**Exercise input:**

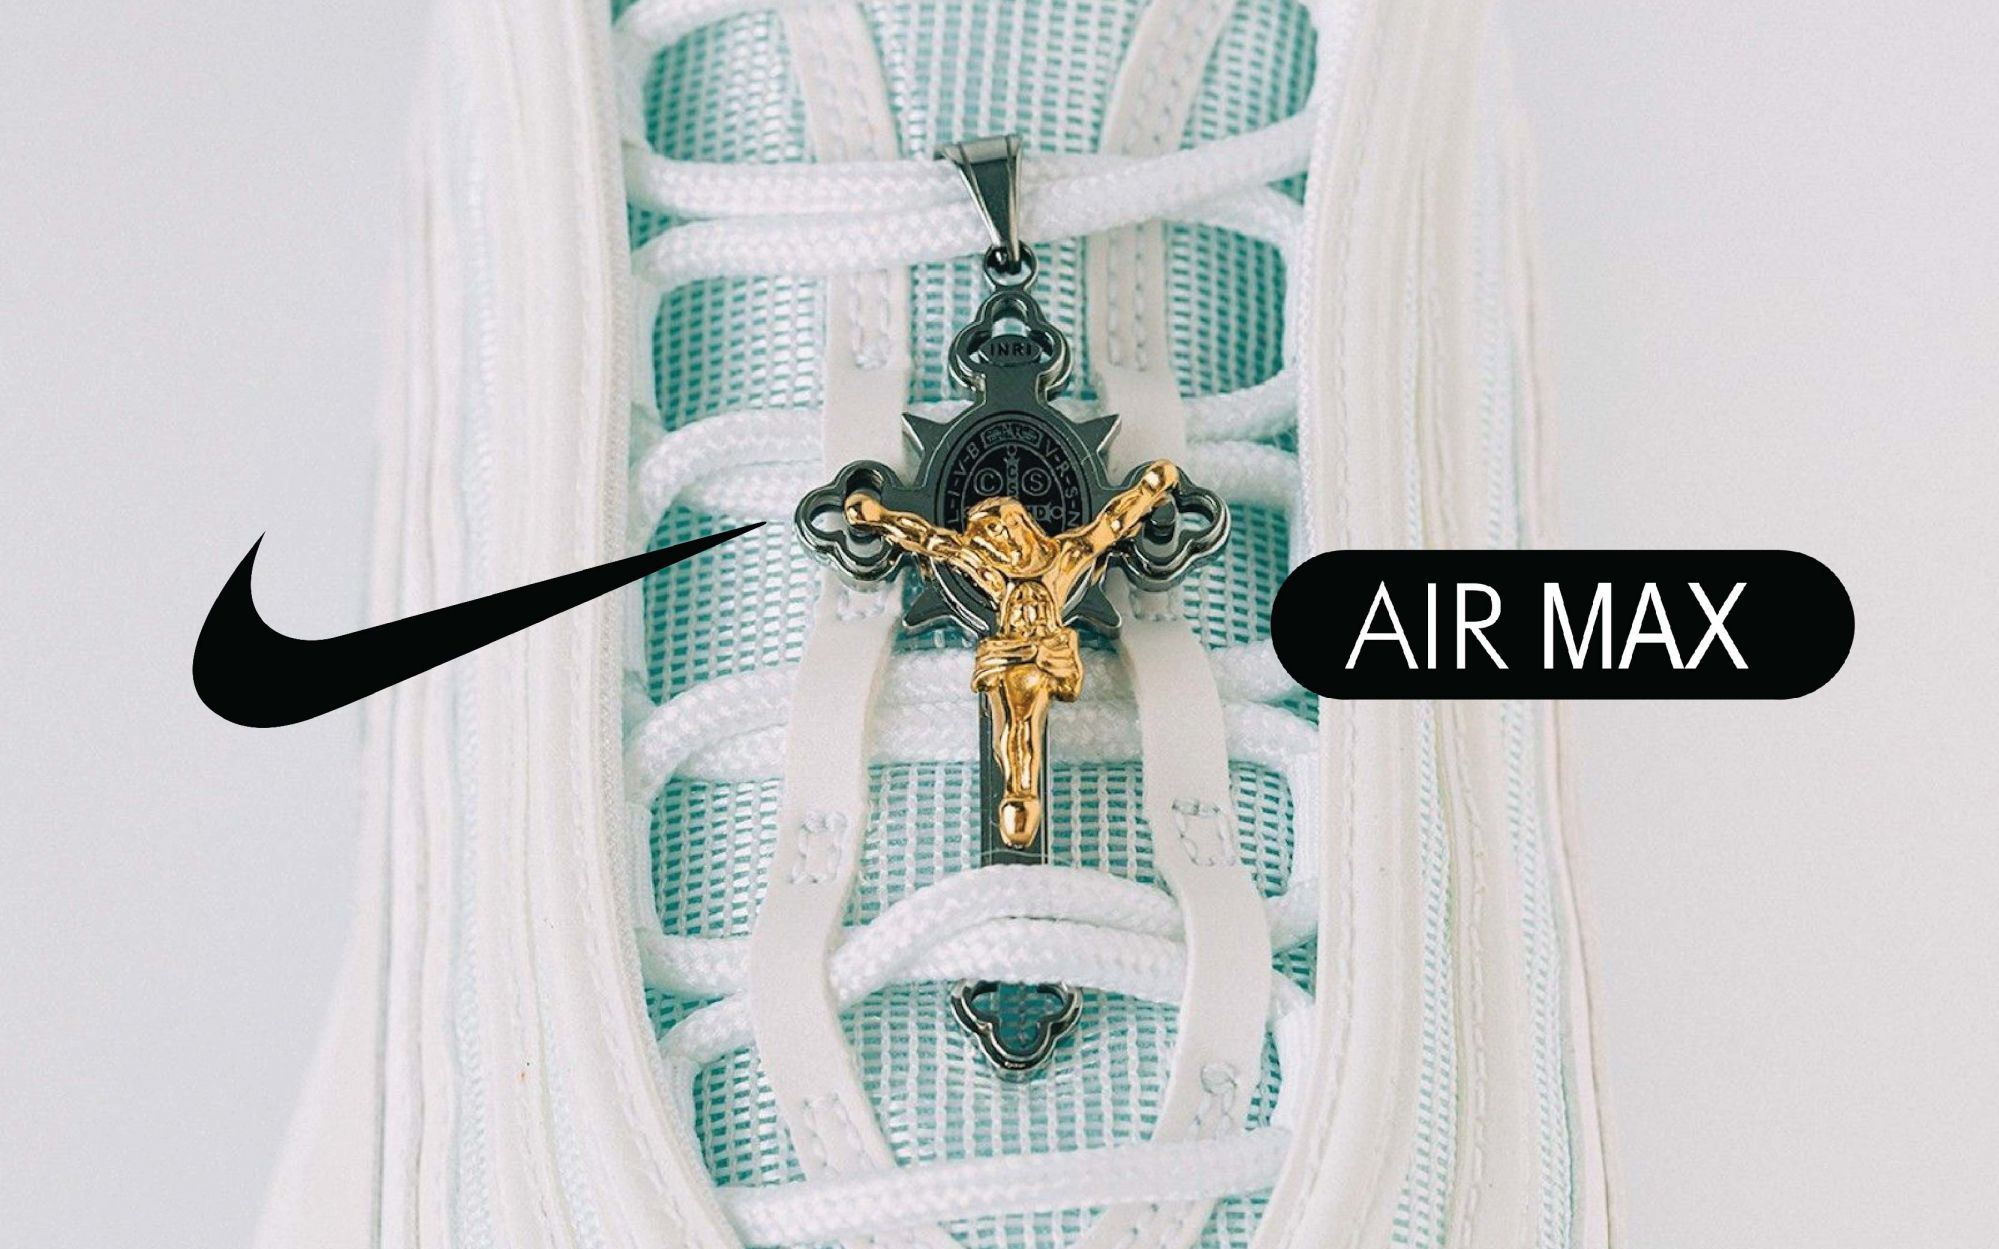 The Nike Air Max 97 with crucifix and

...

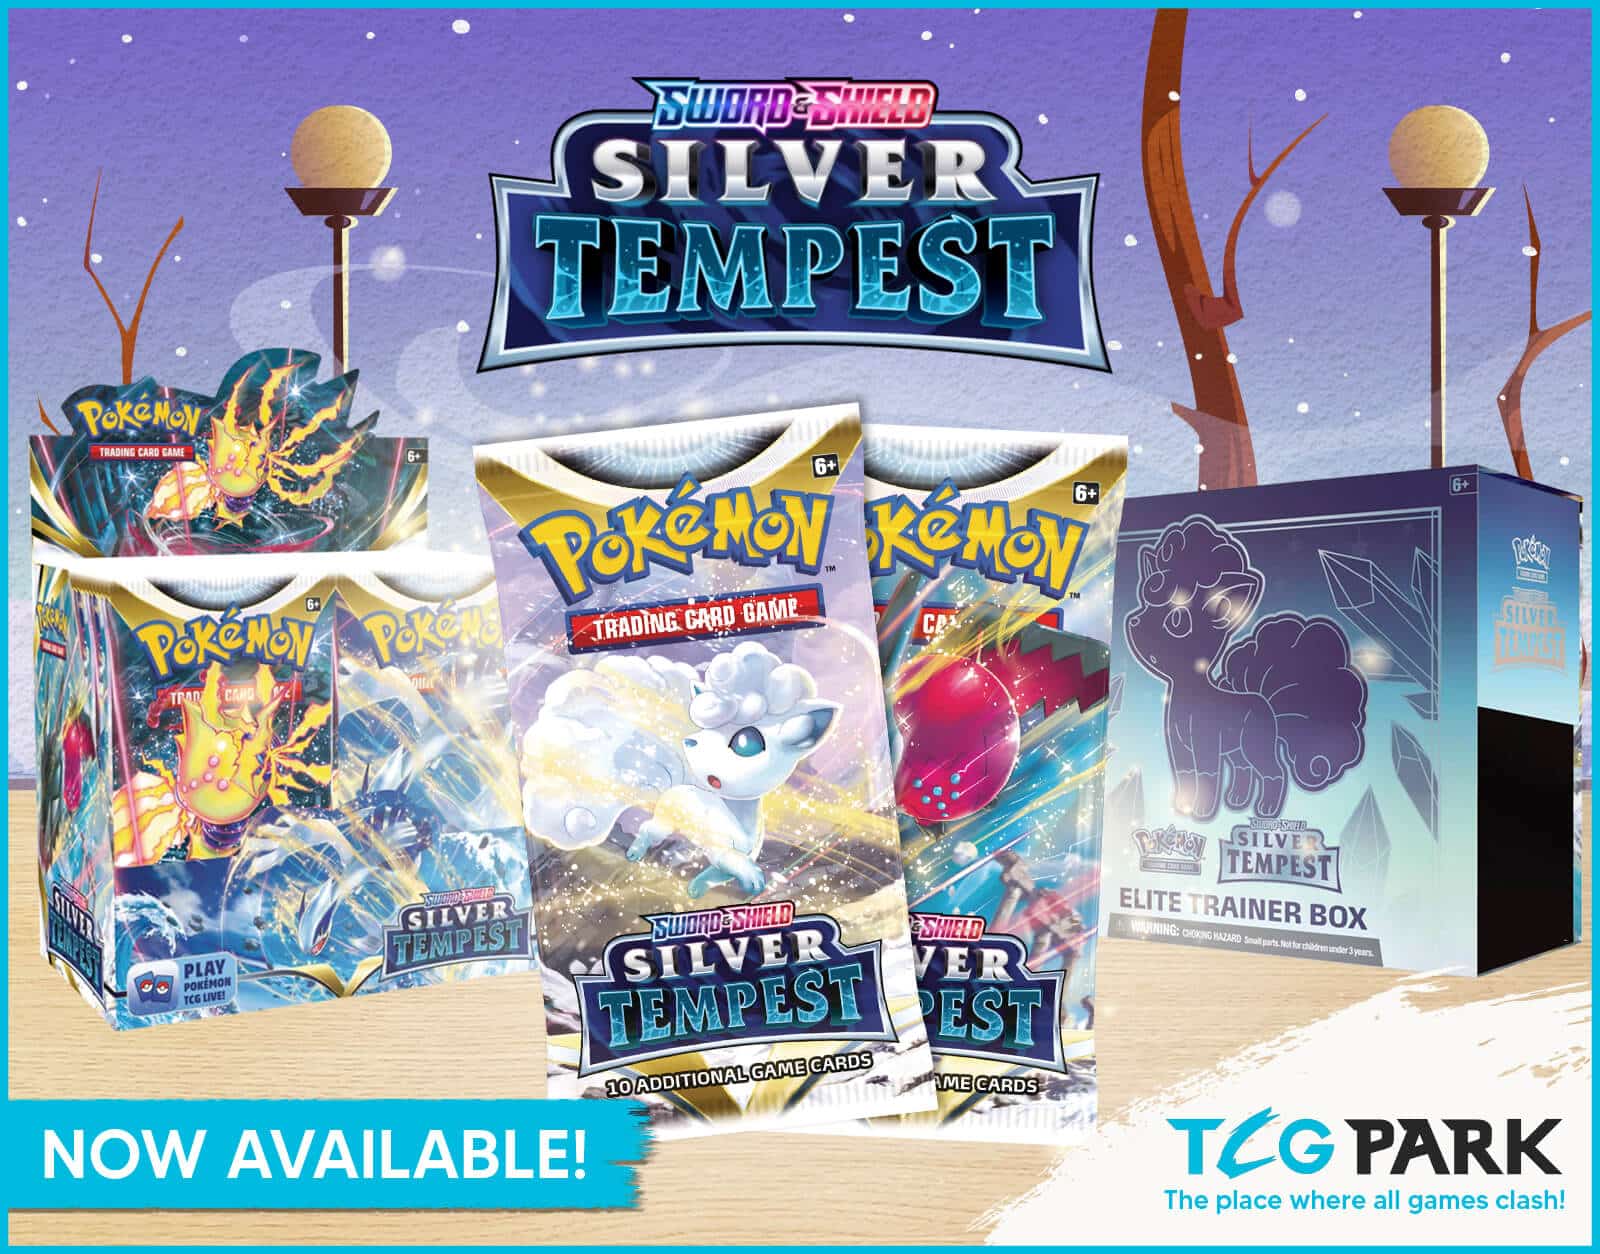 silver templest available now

...

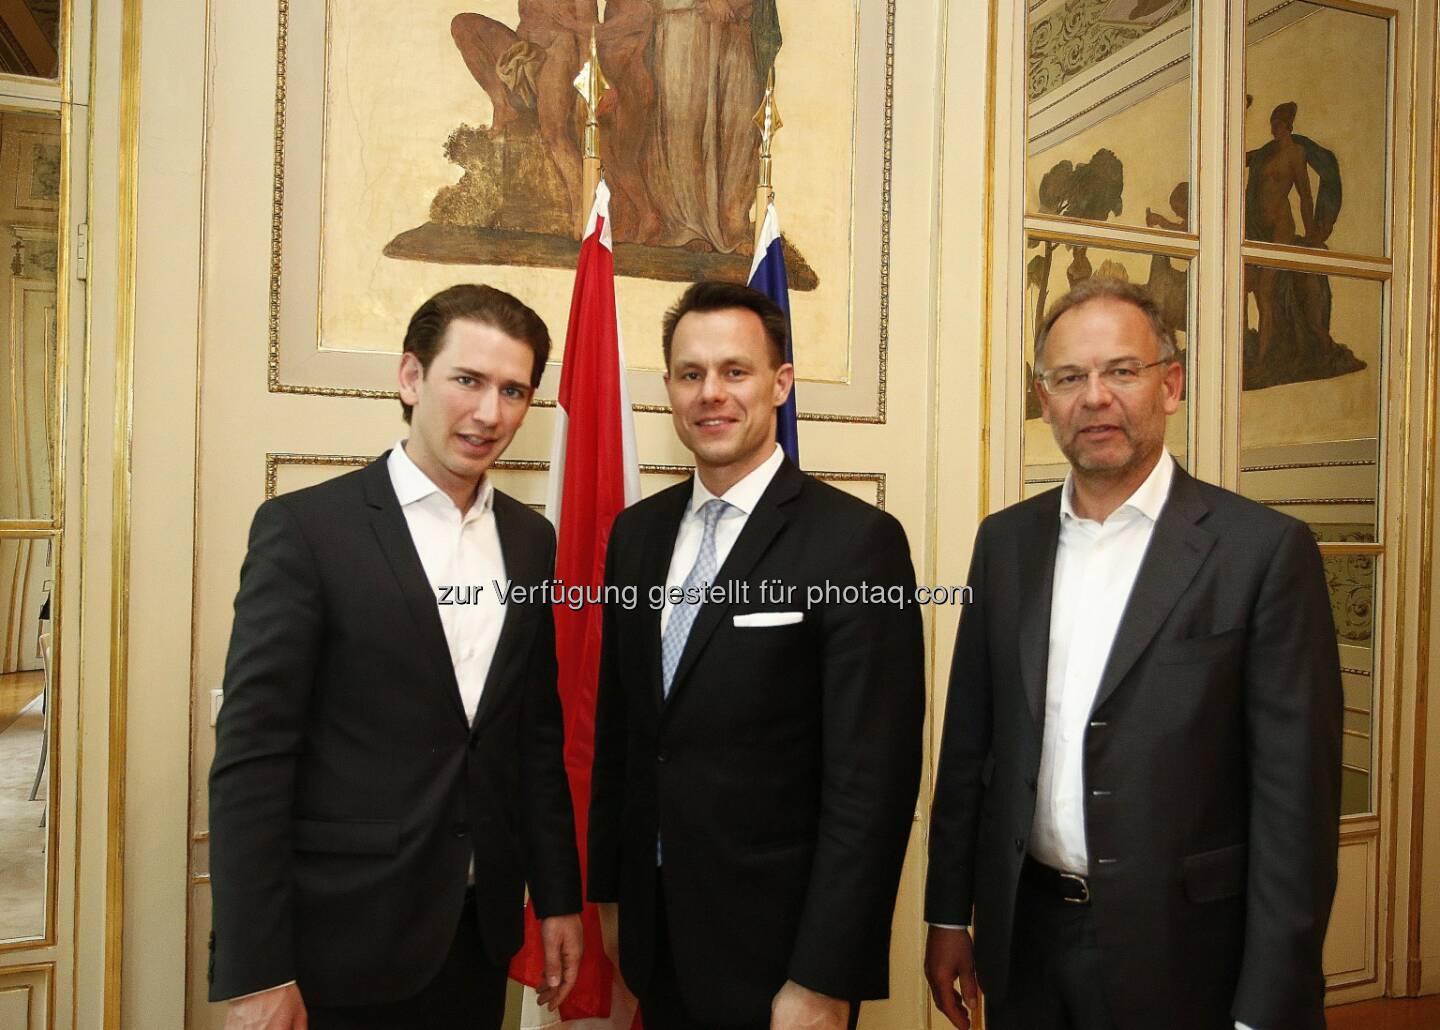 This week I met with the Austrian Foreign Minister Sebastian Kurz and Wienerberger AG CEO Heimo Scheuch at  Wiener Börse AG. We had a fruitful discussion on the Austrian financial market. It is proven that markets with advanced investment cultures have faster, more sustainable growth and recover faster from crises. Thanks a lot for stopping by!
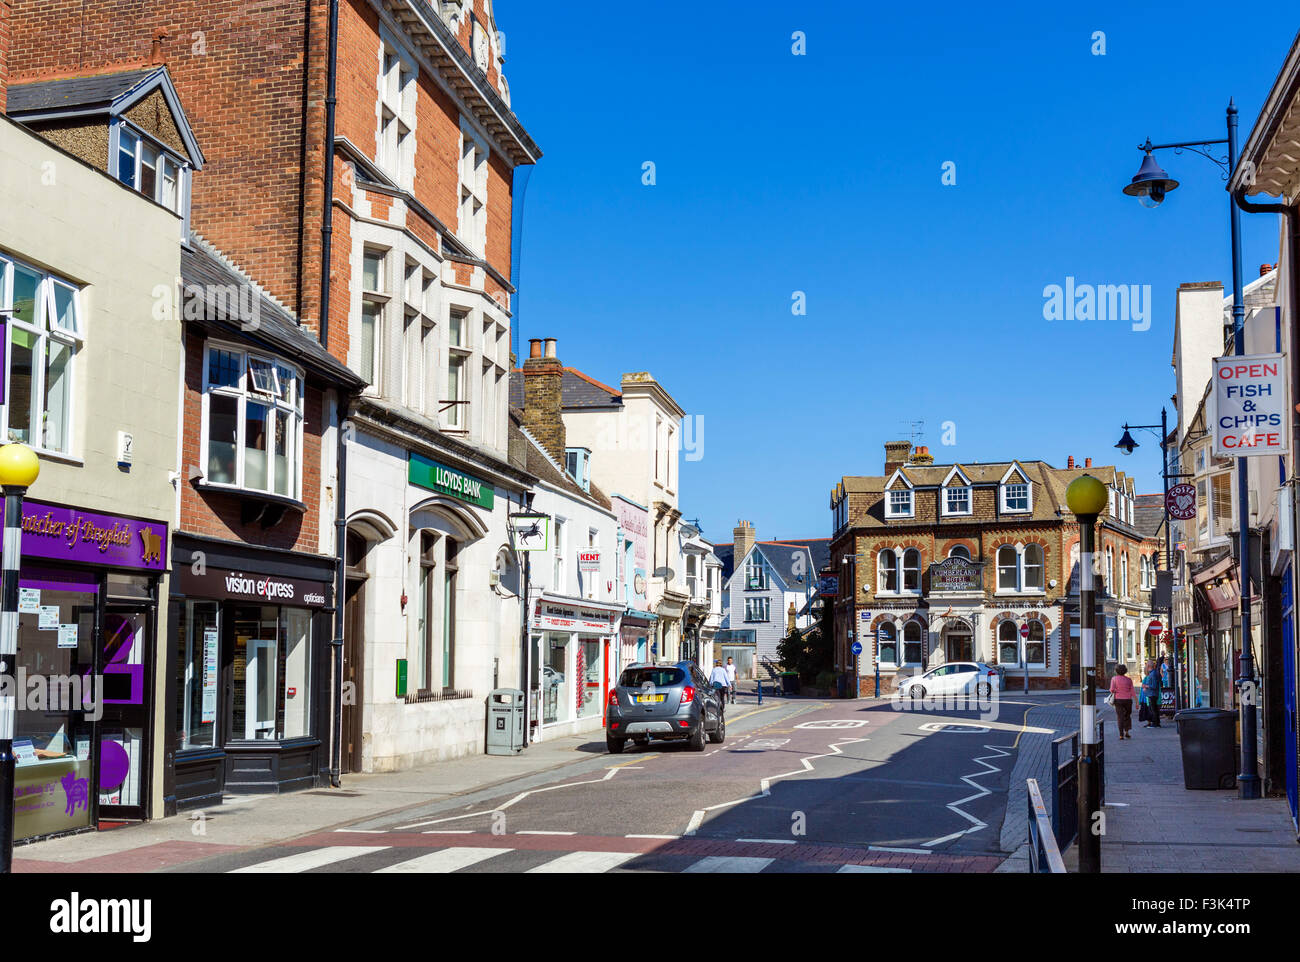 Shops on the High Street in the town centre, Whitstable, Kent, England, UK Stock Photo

**Directions:**
Leaving all pictures out, output exactly the lines of the material above from the line with "This week I" to the line with "Shops on the", both included.

**Written solution:**
 This week I met with the Austrian Foreign Minister Sebastian Kurz and Wienerberger AG CEO Heimo Scheuch at  Wiener Börse AG. We had a fruitful discussion on the Austrian financial market. It is proven that markets with advanced investment cultures have faster, more sustainable growth and recover faster from crises. Thanks a lot for stopping by!
 Shops on the High Street in the town centre, Whitstable, Kent, England, UK Stock Photo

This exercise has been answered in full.